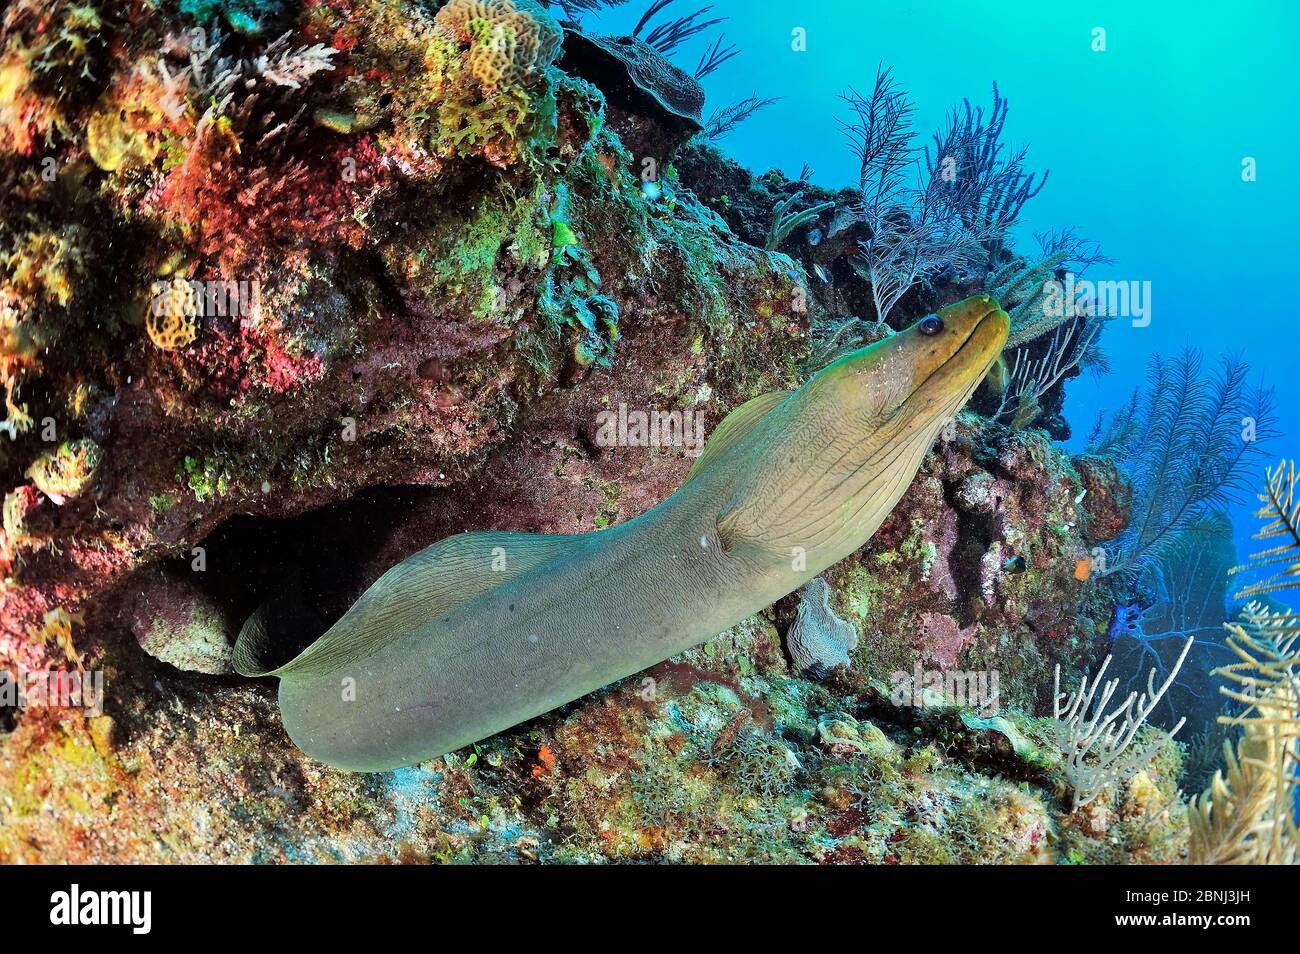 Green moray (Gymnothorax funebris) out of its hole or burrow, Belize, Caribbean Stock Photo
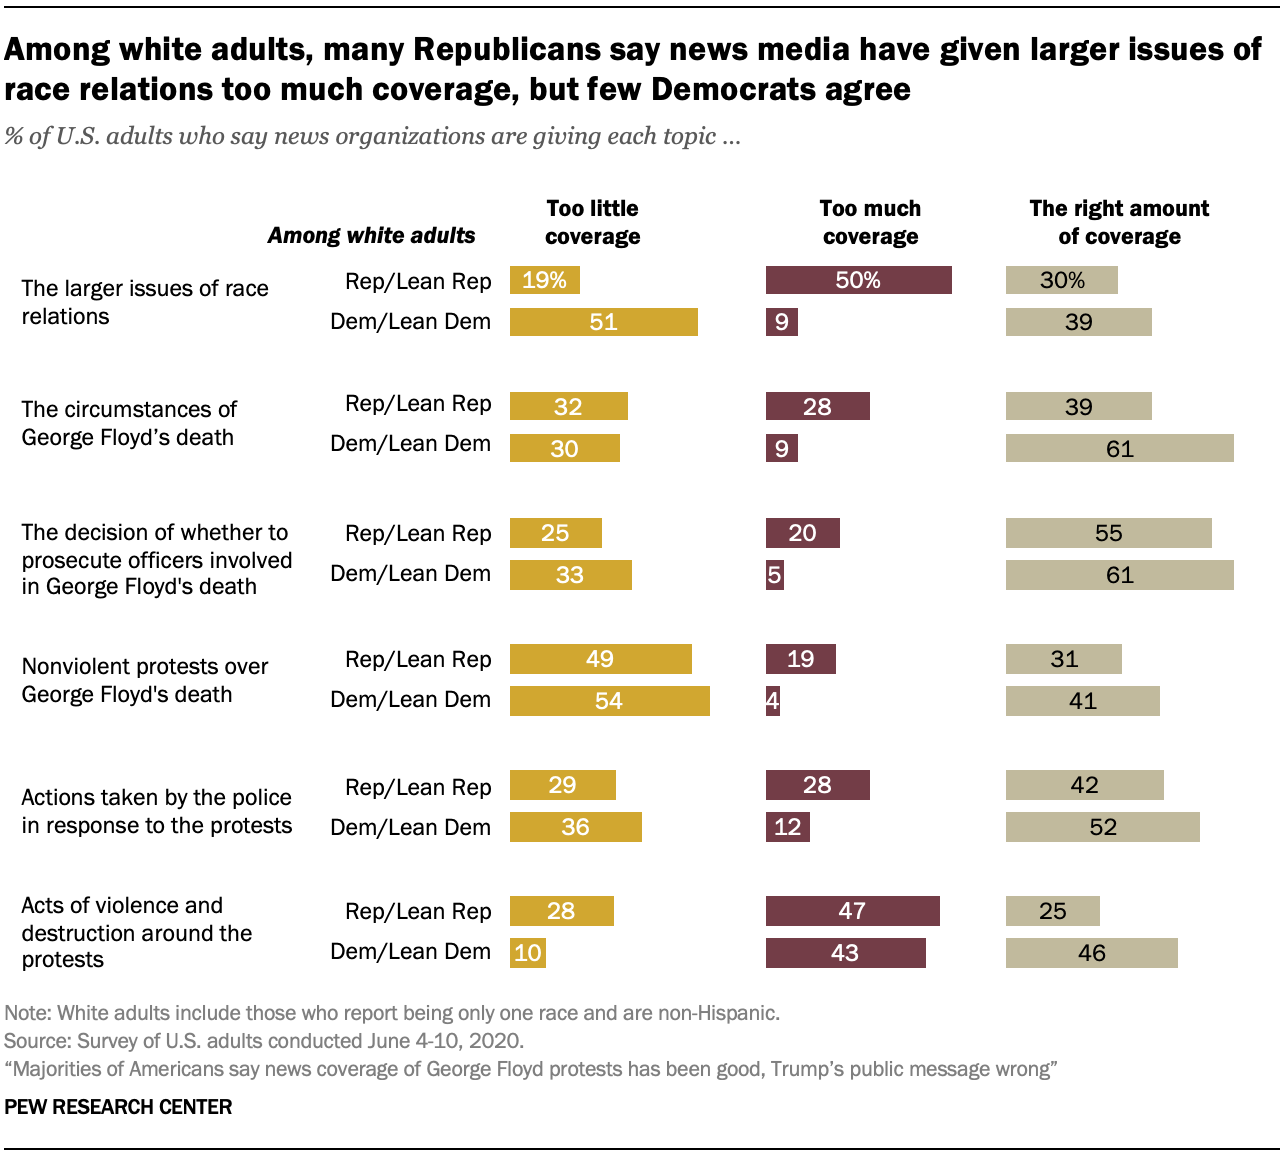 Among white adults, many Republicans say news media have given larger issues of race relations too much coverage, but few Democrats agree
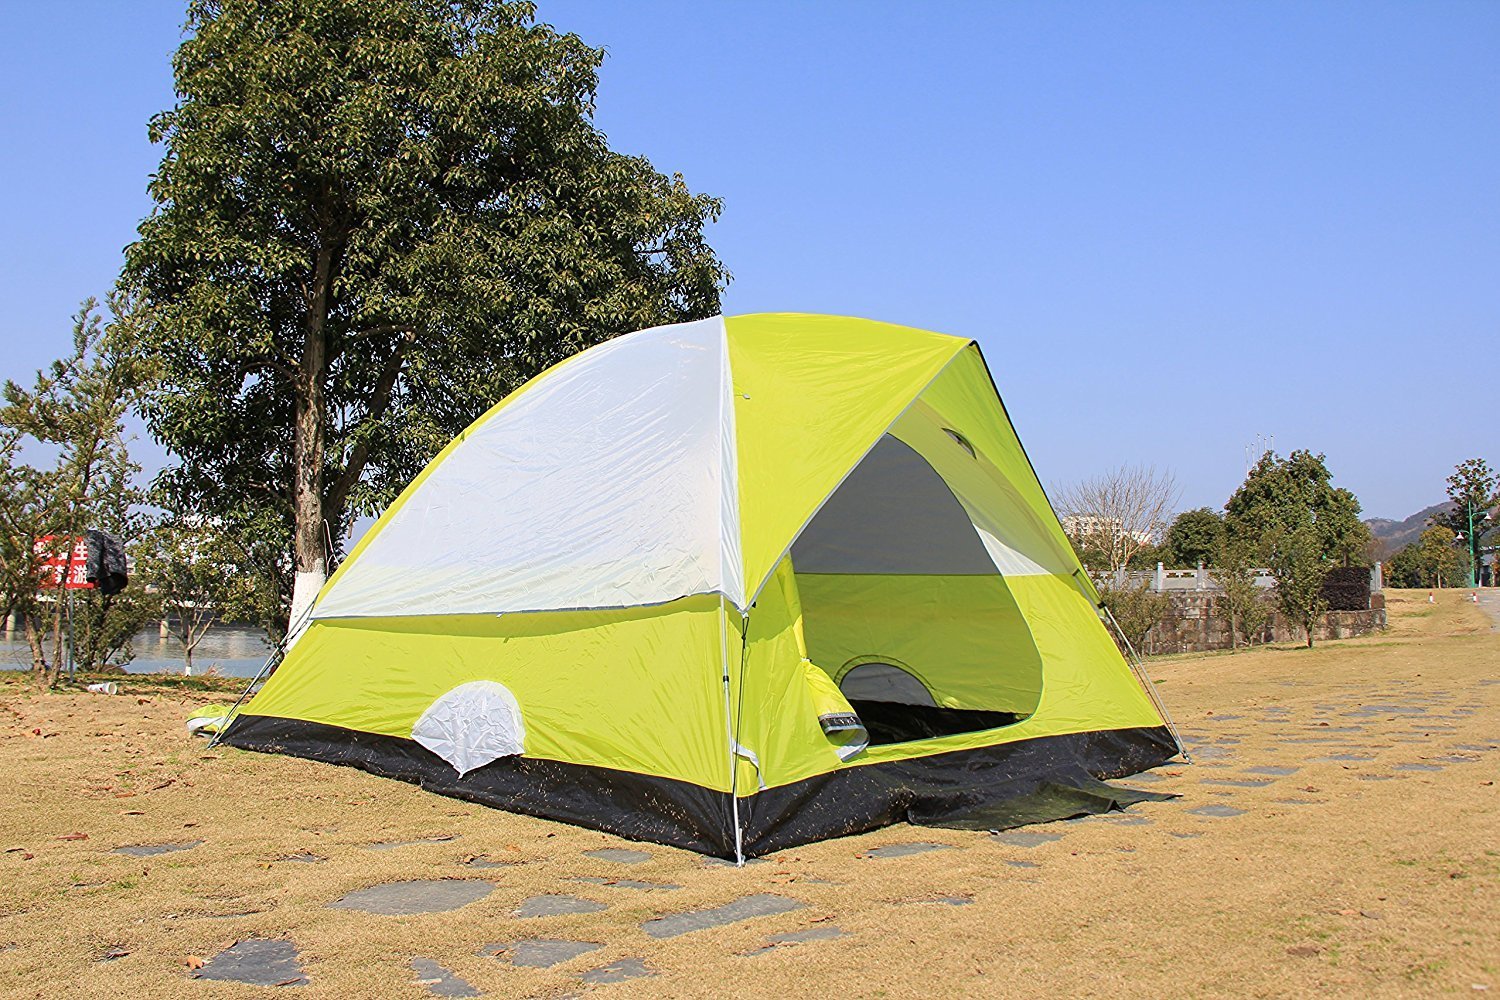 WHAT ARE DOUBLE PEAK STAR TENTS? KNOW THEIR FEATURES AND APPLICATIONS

• What to work on: Leaving out the images, repeat the listing above exactly.

• The answer:
 Green moray (Gymnothorax funebris) out of its hole or burrow, Belize, Caribbean Stock Photo
 Among white adults, many Republicans say news media have given larger issues of race relations too much coverage, but few Democrats agree
 WHAT ARE DOUBLE PEAK STAR TENTS? KNOW THEIR FEATURES AND APPLICATIONS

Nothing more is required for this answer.